| Dataset extract |
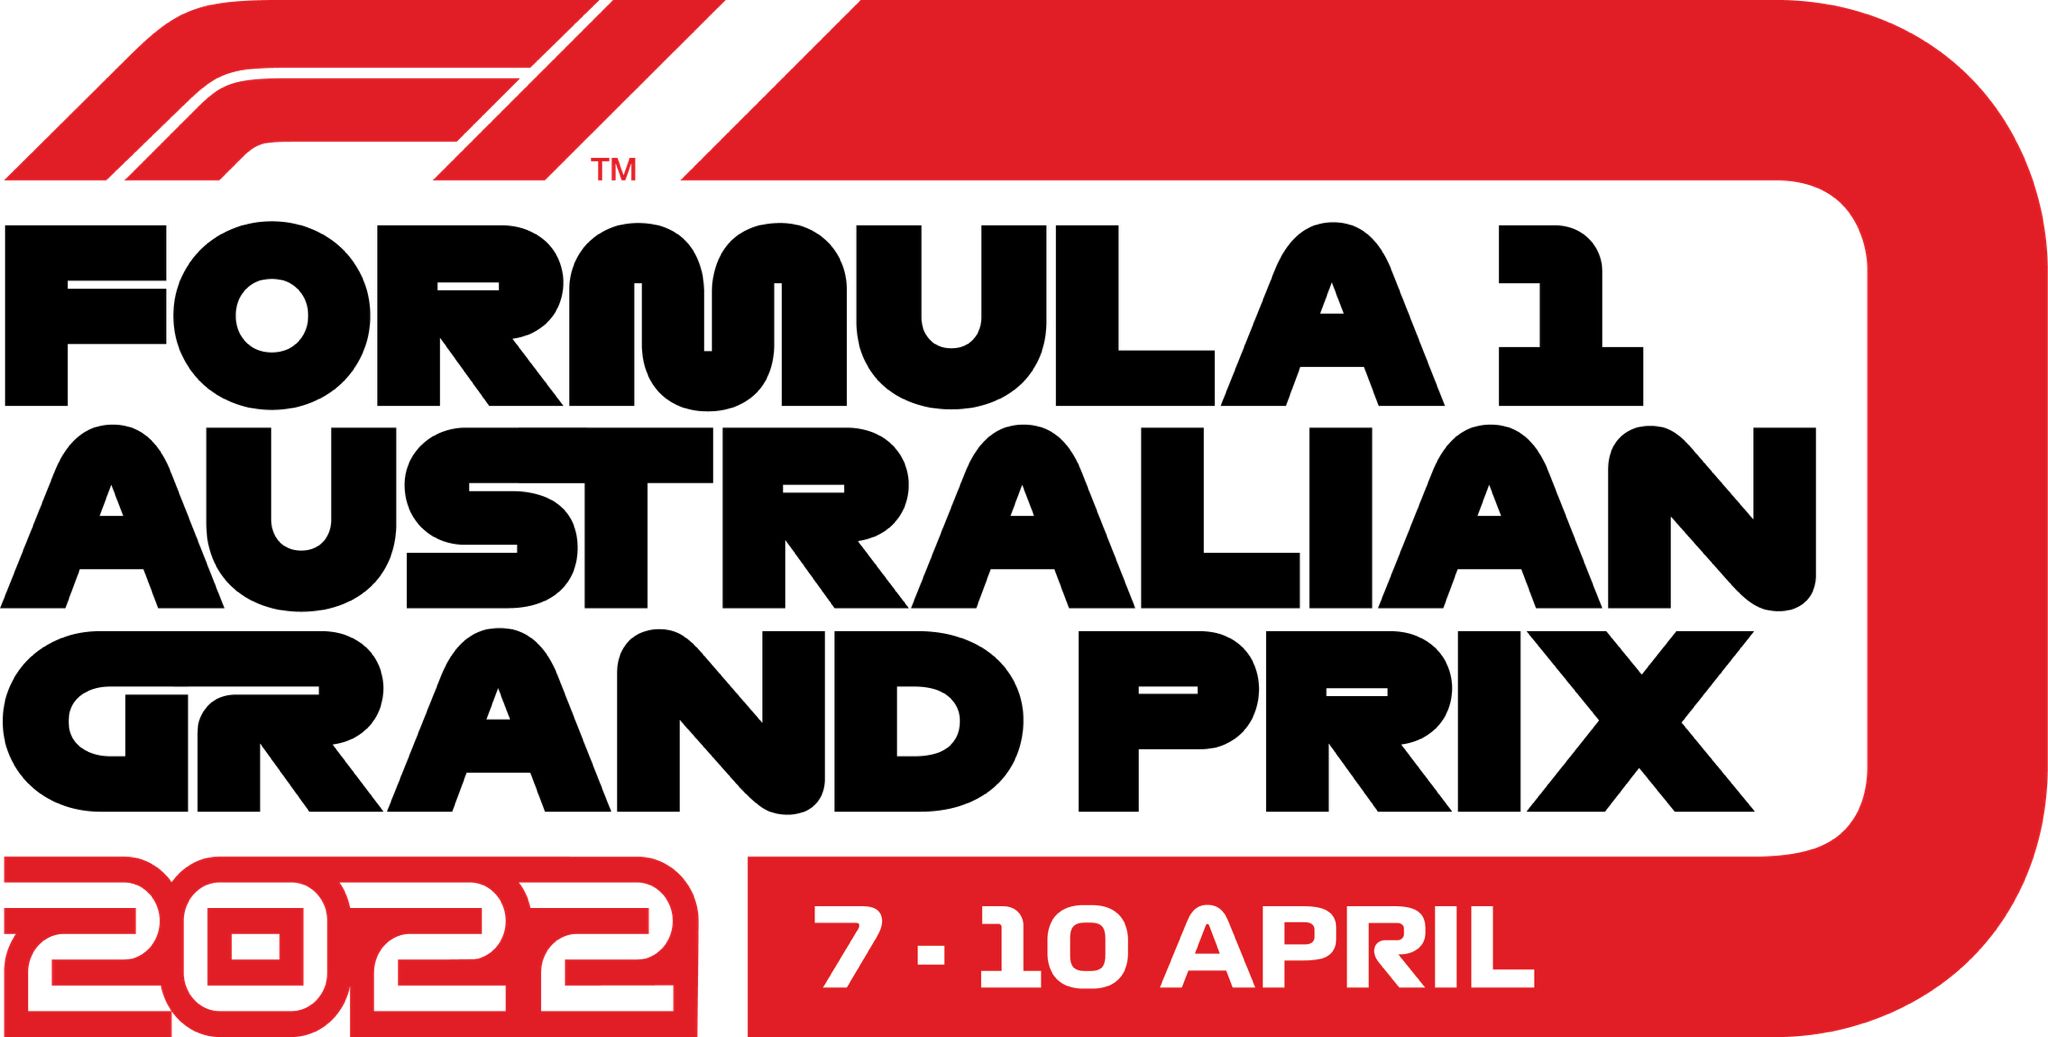 FORMULA 1 AUSTRALIAN GRAND PRIX 2022
GIOVEDI 07 APRILE - DOMENICA 10 APRILE, 2022
MELBOURNE, AUSTRALIA

| Task goal |
Line for line, restate the data above and omit every picture.

| Exercise result |
 FORMULA 1 AUSTRALIAN GRAND PRIX 2022
GIOVEDI 07 APRILE - DOMENICA 10 APRILE, 2022
MELBOURNE, AUSTRALIA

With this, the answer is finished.